• _Exercise data_
- - - - -

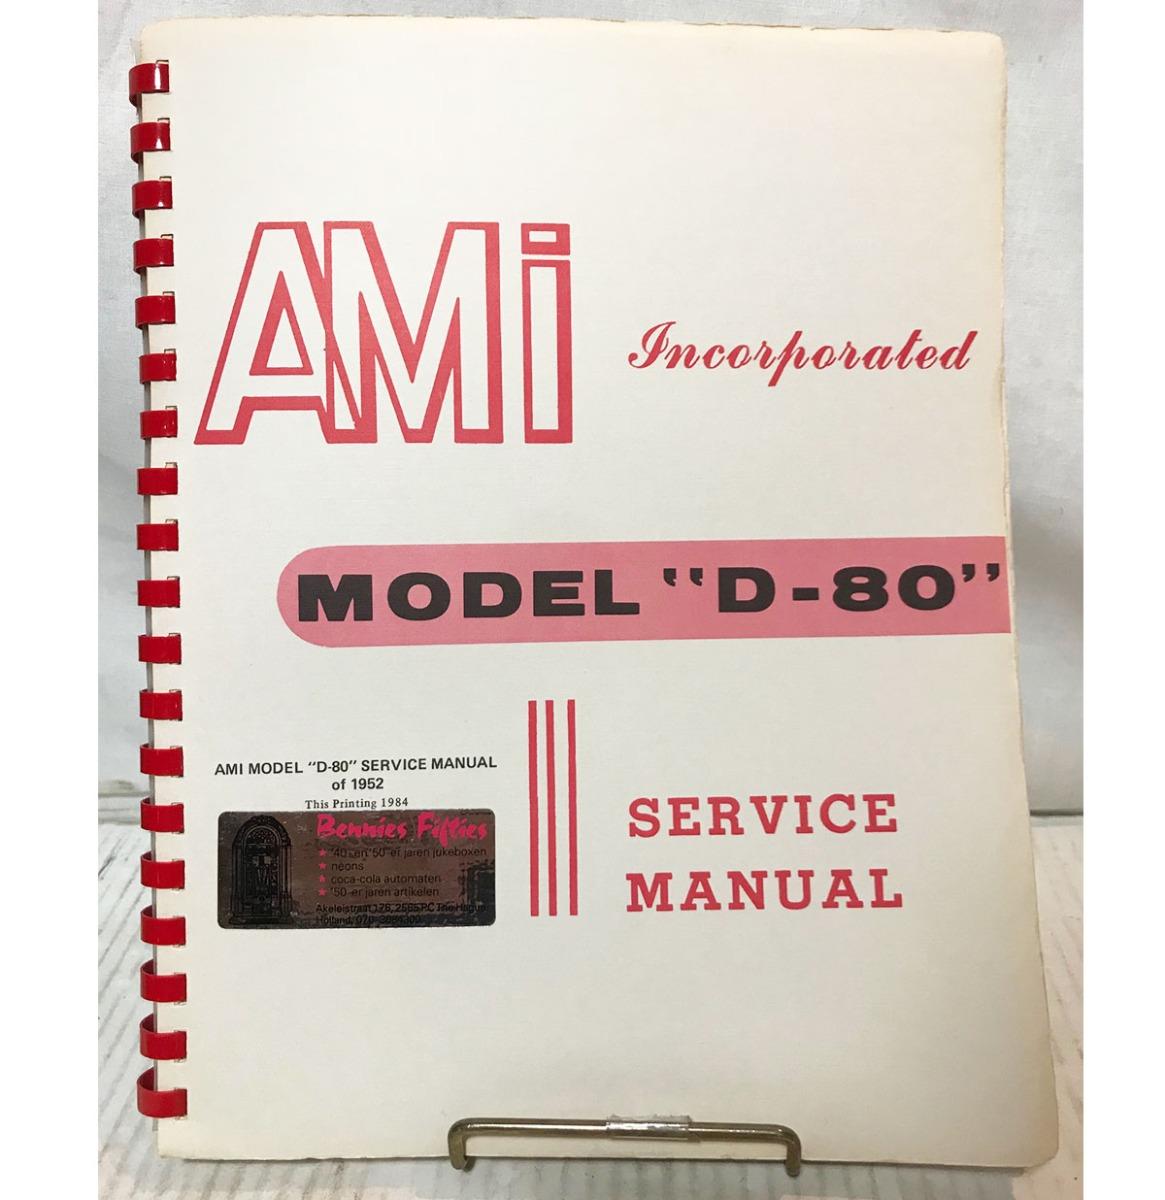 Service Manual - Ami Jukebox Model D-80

- - - - -

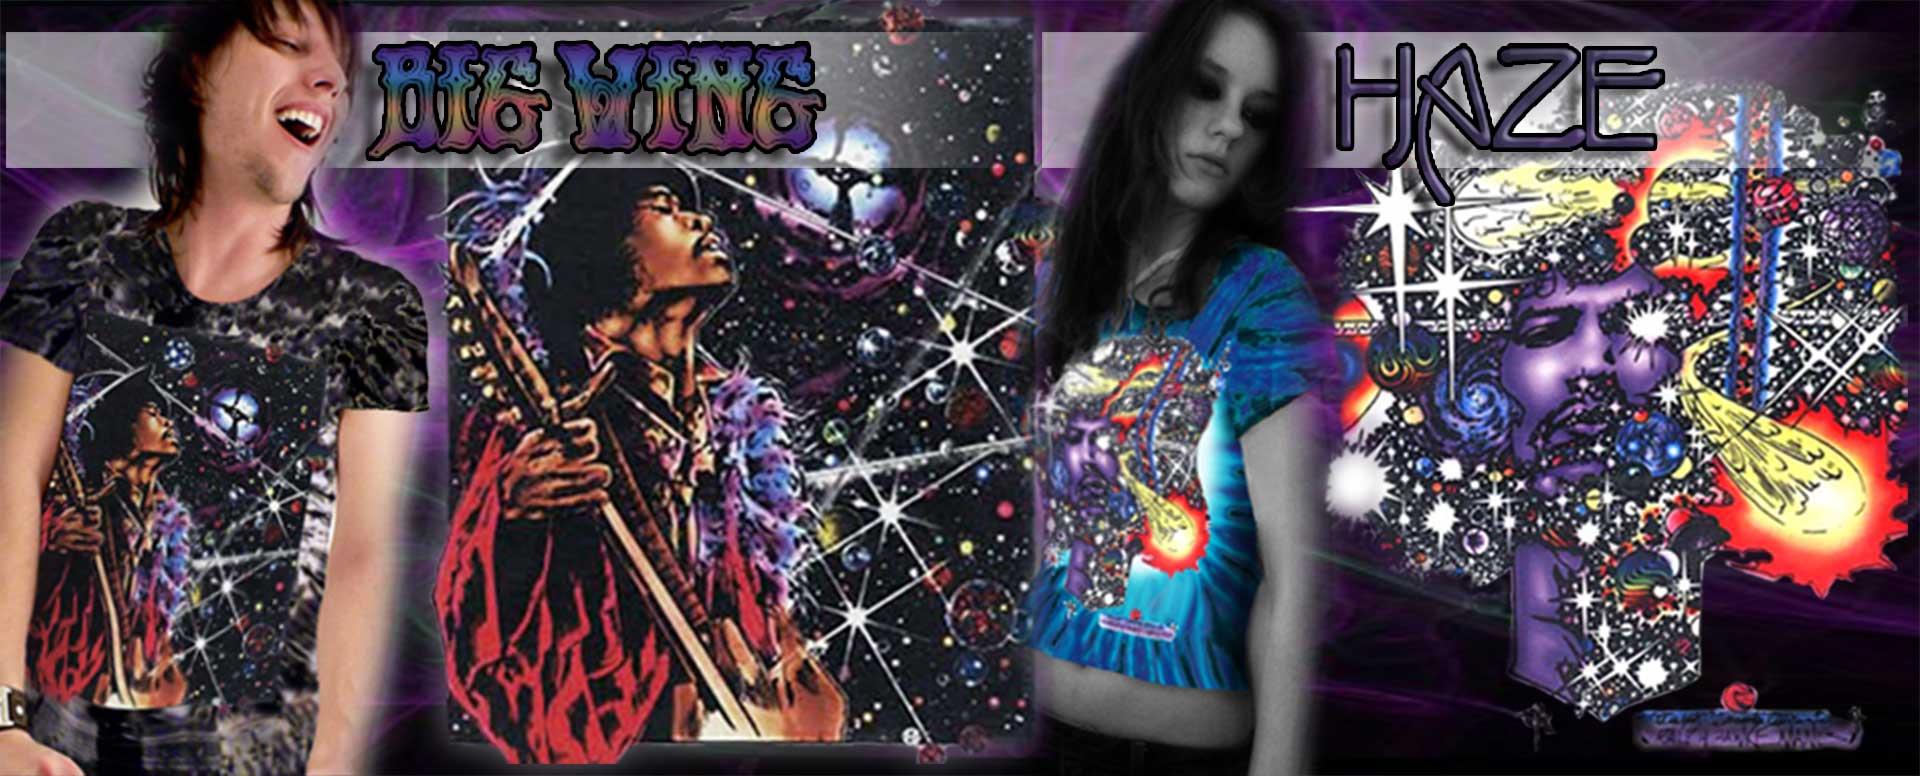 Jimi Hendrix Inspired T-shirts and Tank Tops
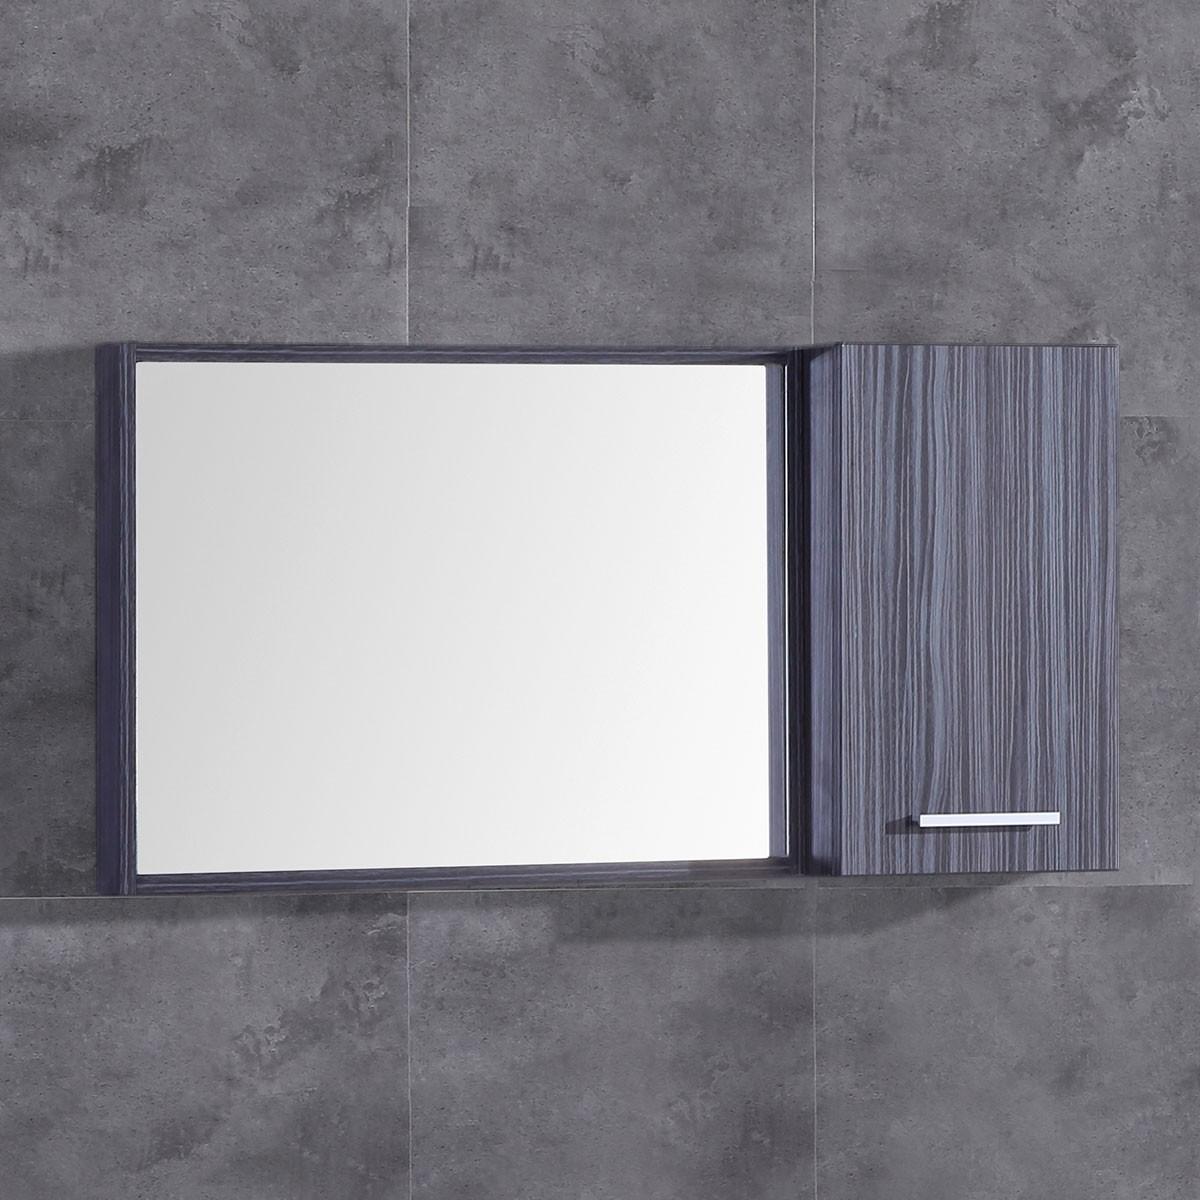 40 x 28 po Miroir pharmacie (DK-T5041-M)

- - - - -

• _How to complete this task_
Go down the entries above from the line containing "Jimi Hendrix Inspired T-shirts and Tank Tops" to the line containing "40 x 28 po Miroir pharmacie (DK-T5041-M)" and write out each line exactly, leaving pictures out.

• _Exercise output_
 Jimi Hendrix Inspired T-shirts and Tank Tops
 40 x 28 po Miroir pharmacie (DK-T5041-M)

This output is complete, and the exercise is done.